The Industrial & Specialty Products segment experienced a 21% sequential increase in contribution margin as sales volumes increased 21%, spurred by stronger demand from several key industrial end markets such as glass, housing and automotive. Contribution margin also benefited by $2.4 million from the remeasurement of operating leases associated with the Company's fleet of rail cars.

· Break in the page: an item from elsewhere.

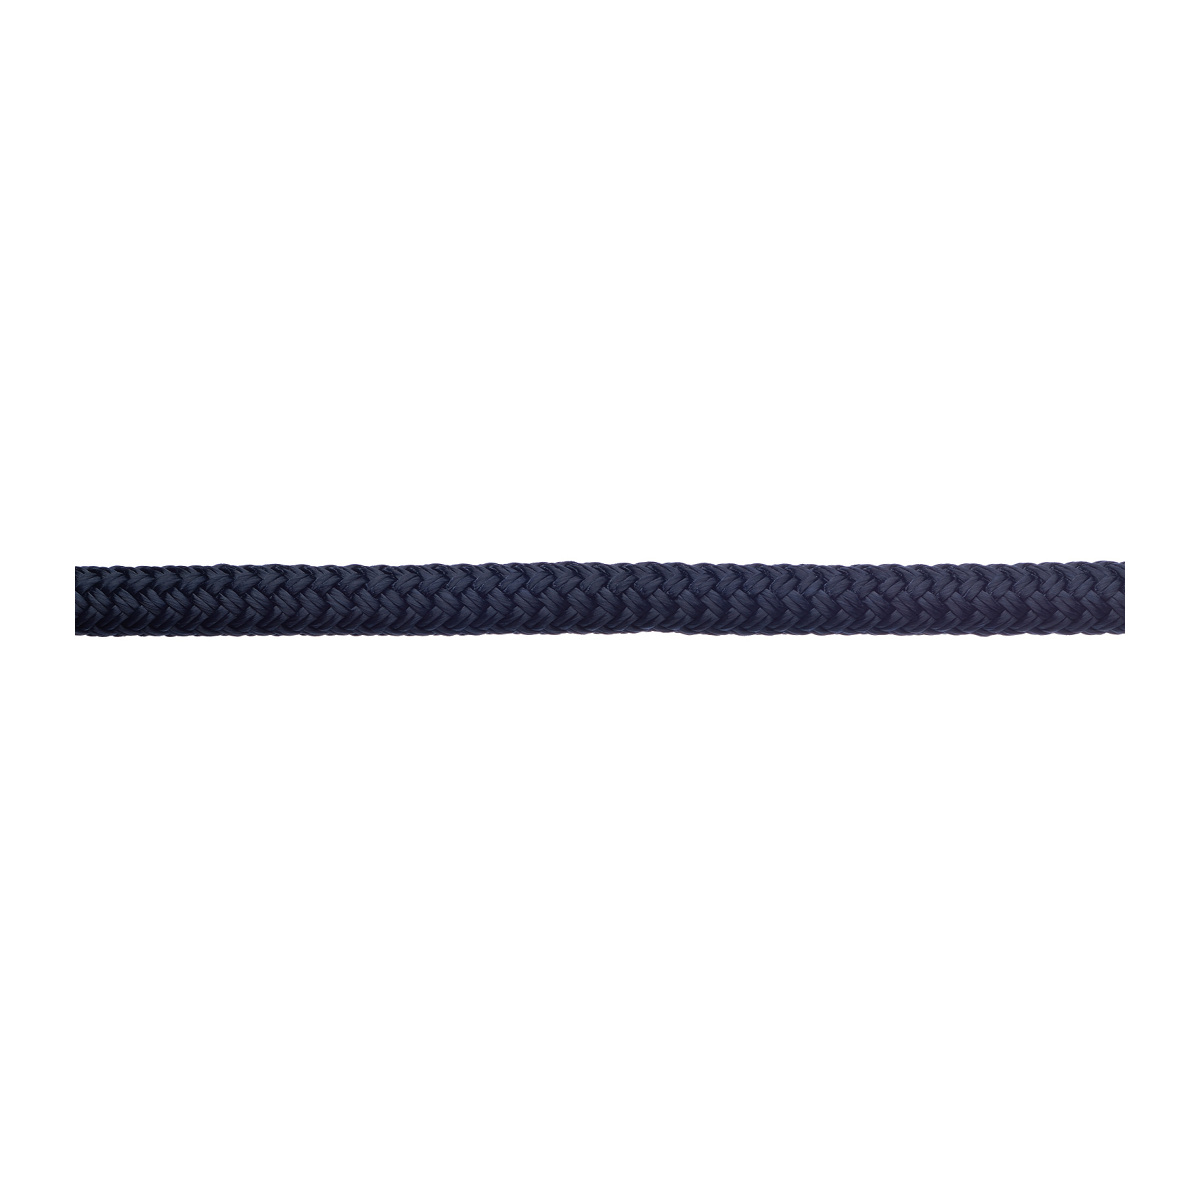 Robline amarre Rio 10mm longueur 6m navy/bleu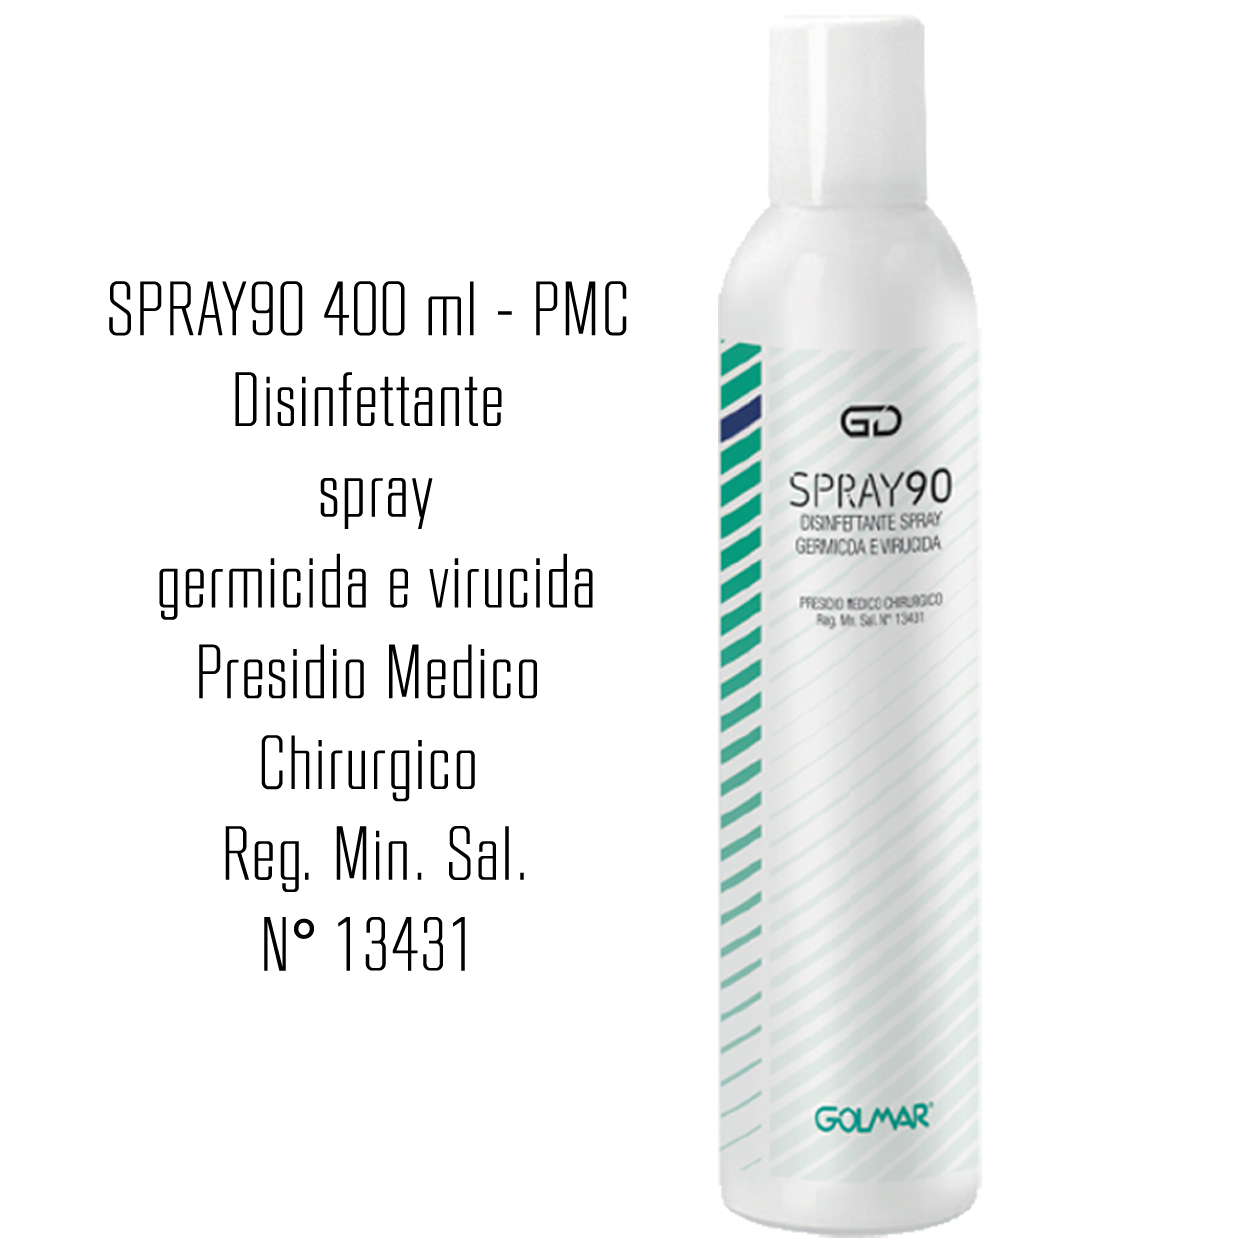 GOLMAR GD90 Spray 400 ml - PMC disinfettante professionale ad ampio spettro (virucida incluso famiglia Coronavirus, battericida e levuricida)

In the third quarter, U.S. Silica executed a new supply agreement with a leading global biopharma company and gained momentum with additional trials for its blood plasma filtration product line. The Company is proud to announce it was awarded the 2020 Supplier of the Year by one of its key industrial customers, a leading multinational building products company.

Oil & Gas

  • Revenue of $66.3 million for the third quarter of 2020 compared with $72.5 million in the second quarter of 2020, down 8% sequentially and down 73% from the third quarter of 2019.
  • Tons sold of 1.282 million for the third quarter of 2020 compared with 1.112 million tons sold in the second quarter of 2020, up 15% sequentially and down 67% from the third quarter of 2019.
  • Segment contribution margin of $31.5 million, or $24.55 per ton, for the third quarter of 2020 compared with $26.2 million in the second quarter of 2020, up 20% sequentially and down 38% from the third quarter of 2019.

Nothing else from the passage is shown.